• [Raw data]

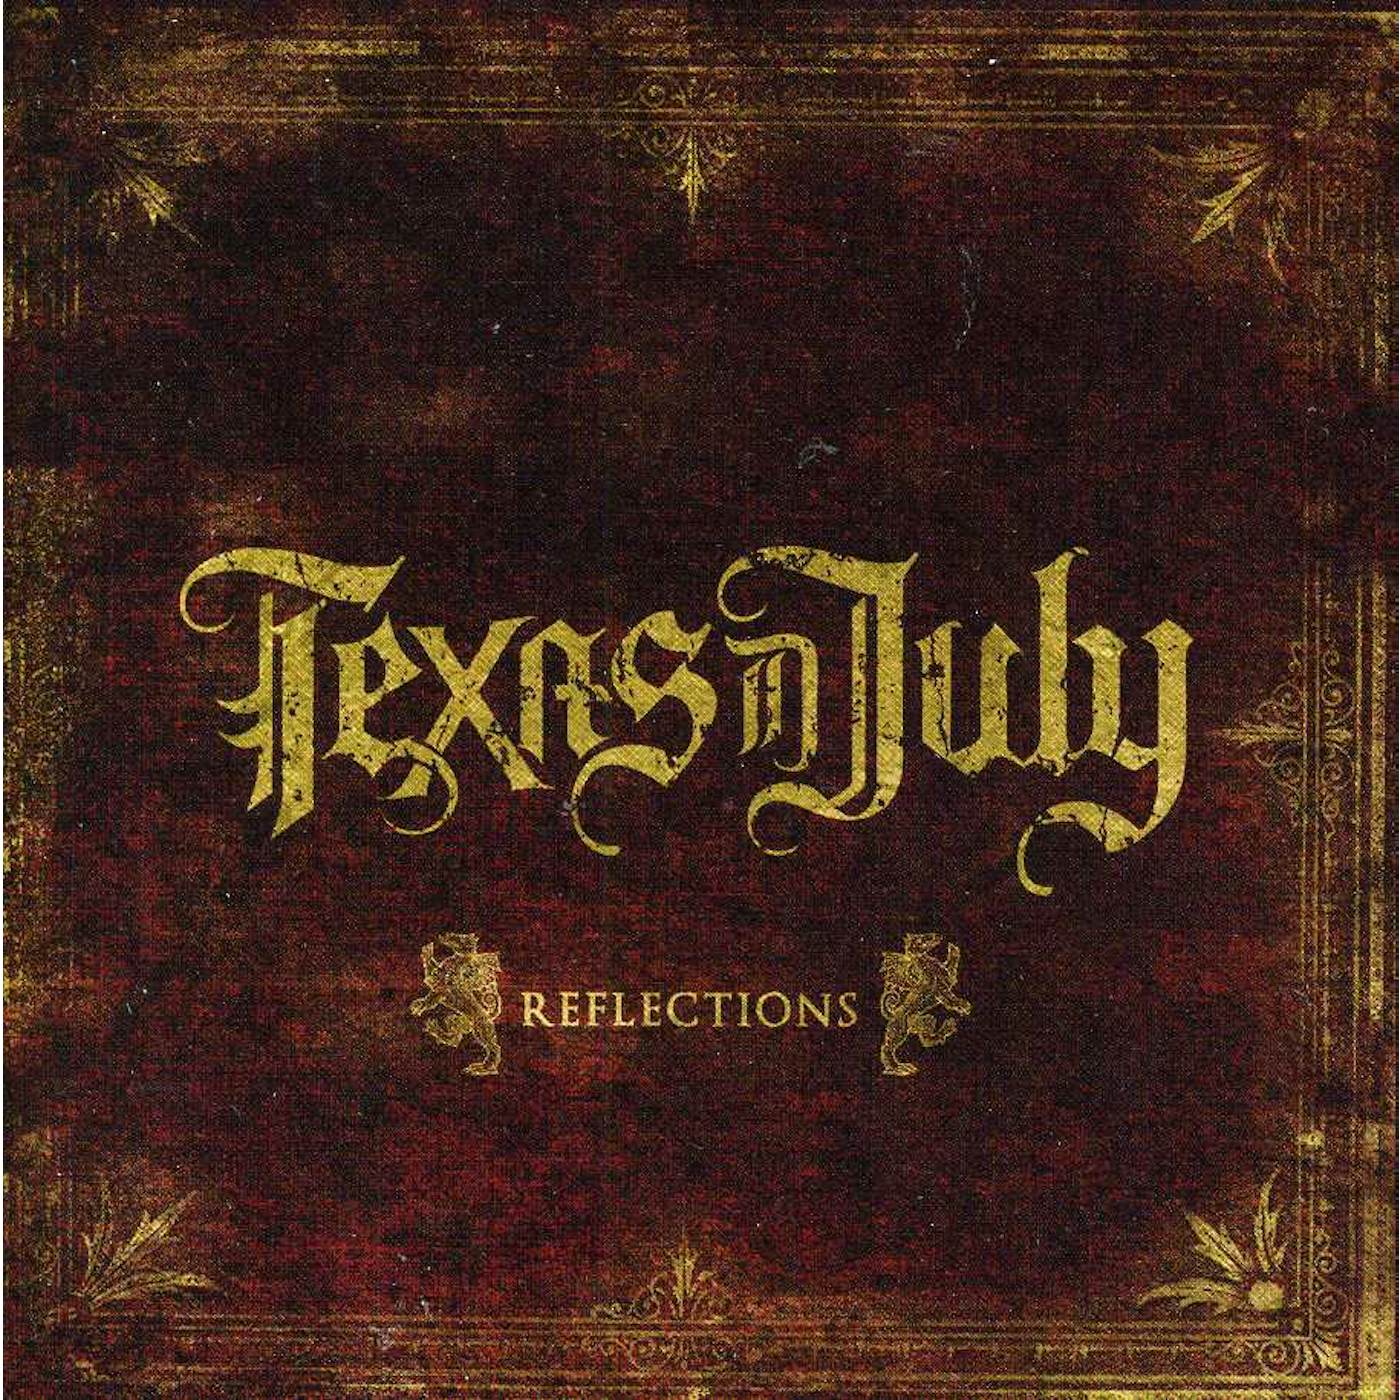 Texas In July Reflections Vinyl Record
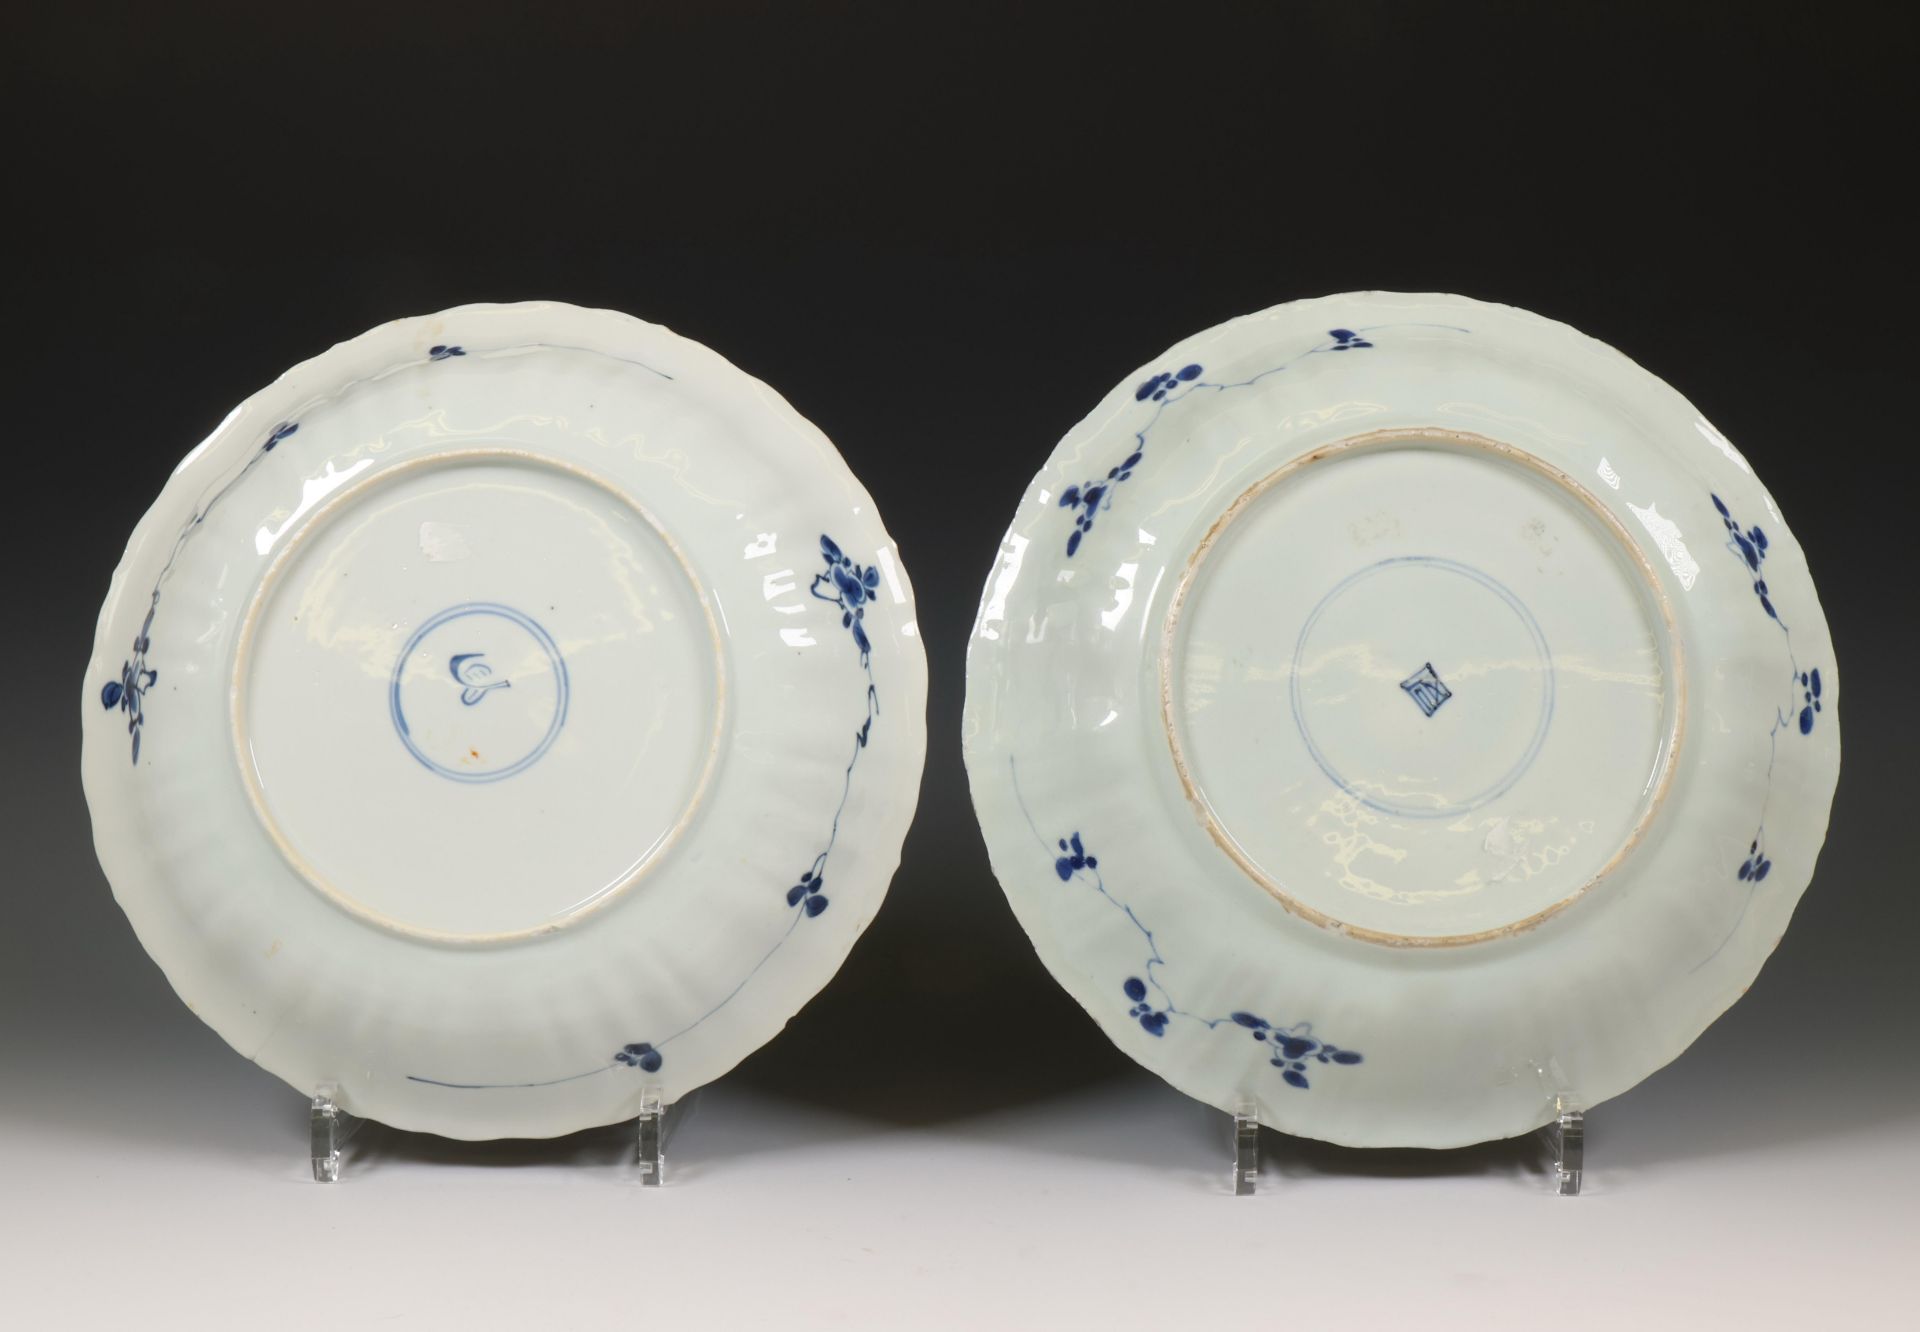 China, two blue and white porcelain plates, Kangxi period (1662-1722), - Image 2 of 3
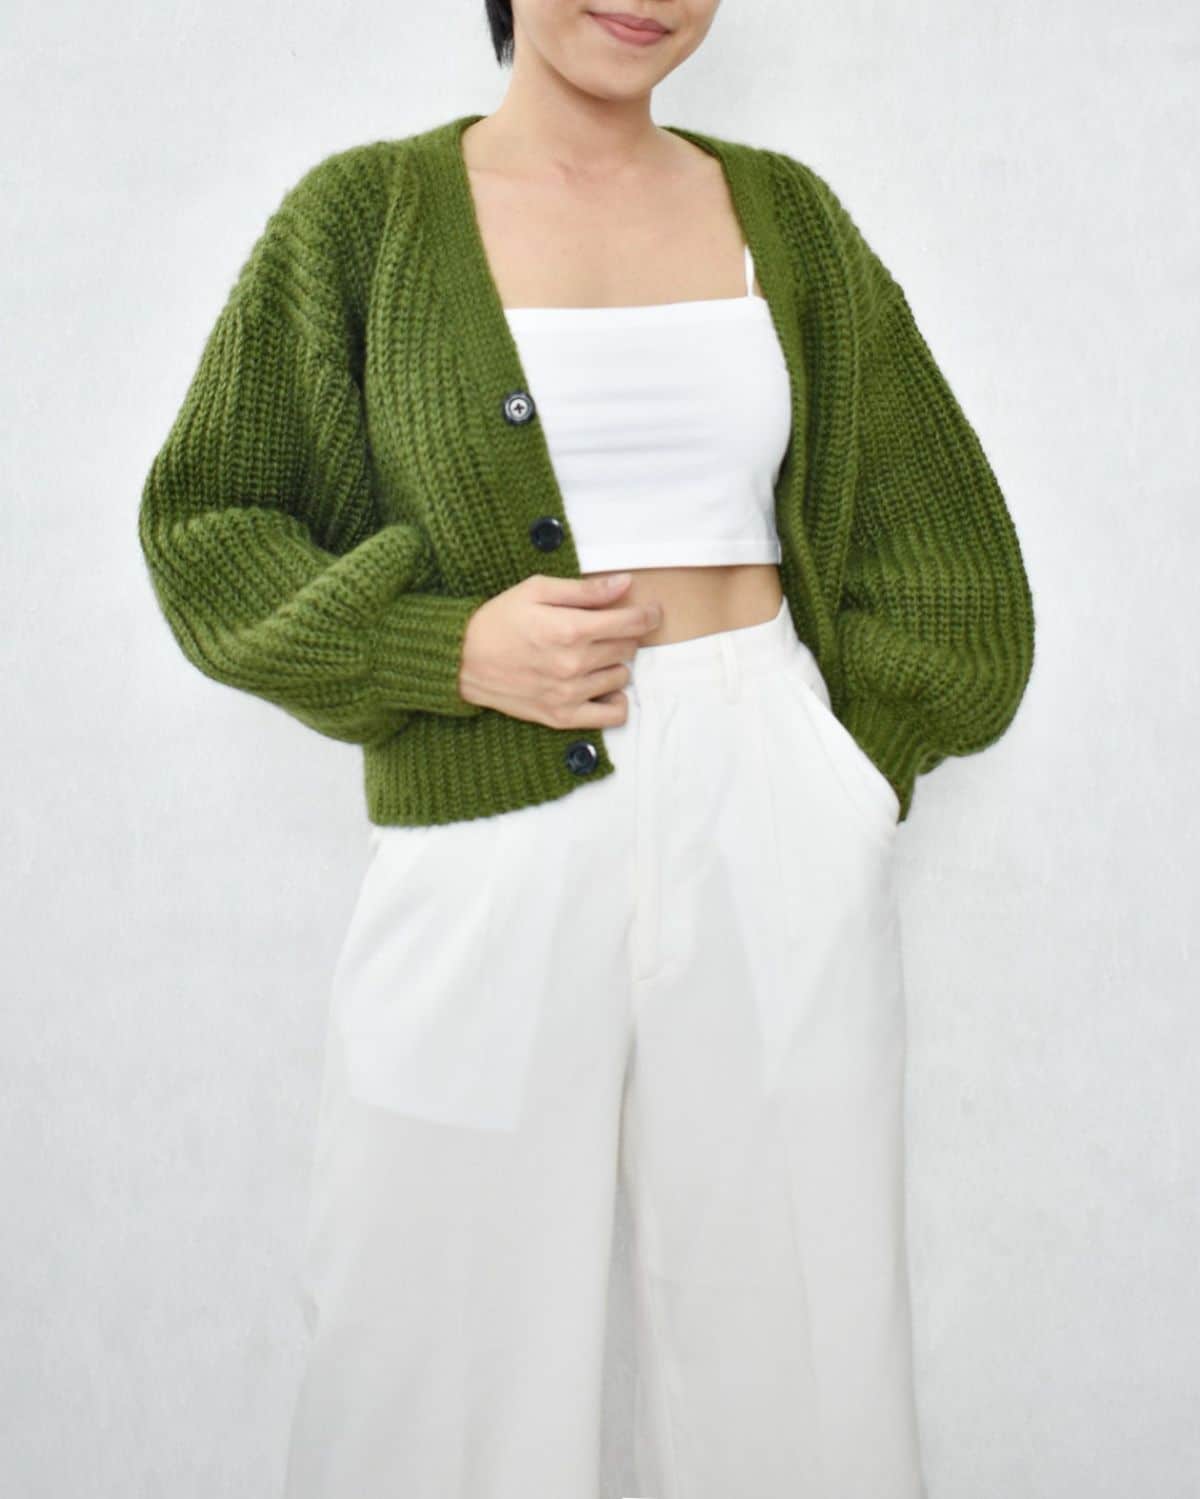 A woman in a white top and trousers wearing a chunky crochet green hip-length cardigan with balloon sleeves and cuffs at the bottom.

• [Exercise goal] Every picture stays out; reproduce exactly the lines from the one with "China, two blue" through the last line of the data above.

• [Completed task]
 China, two blue and white porcelain plates, Kangxi period (1662-1722), - Image 2 of 3
 A woman in a white top and trousers wearing a chunky crochet green hip-length cardigan with balloon sleeves and cuffs at the bottom.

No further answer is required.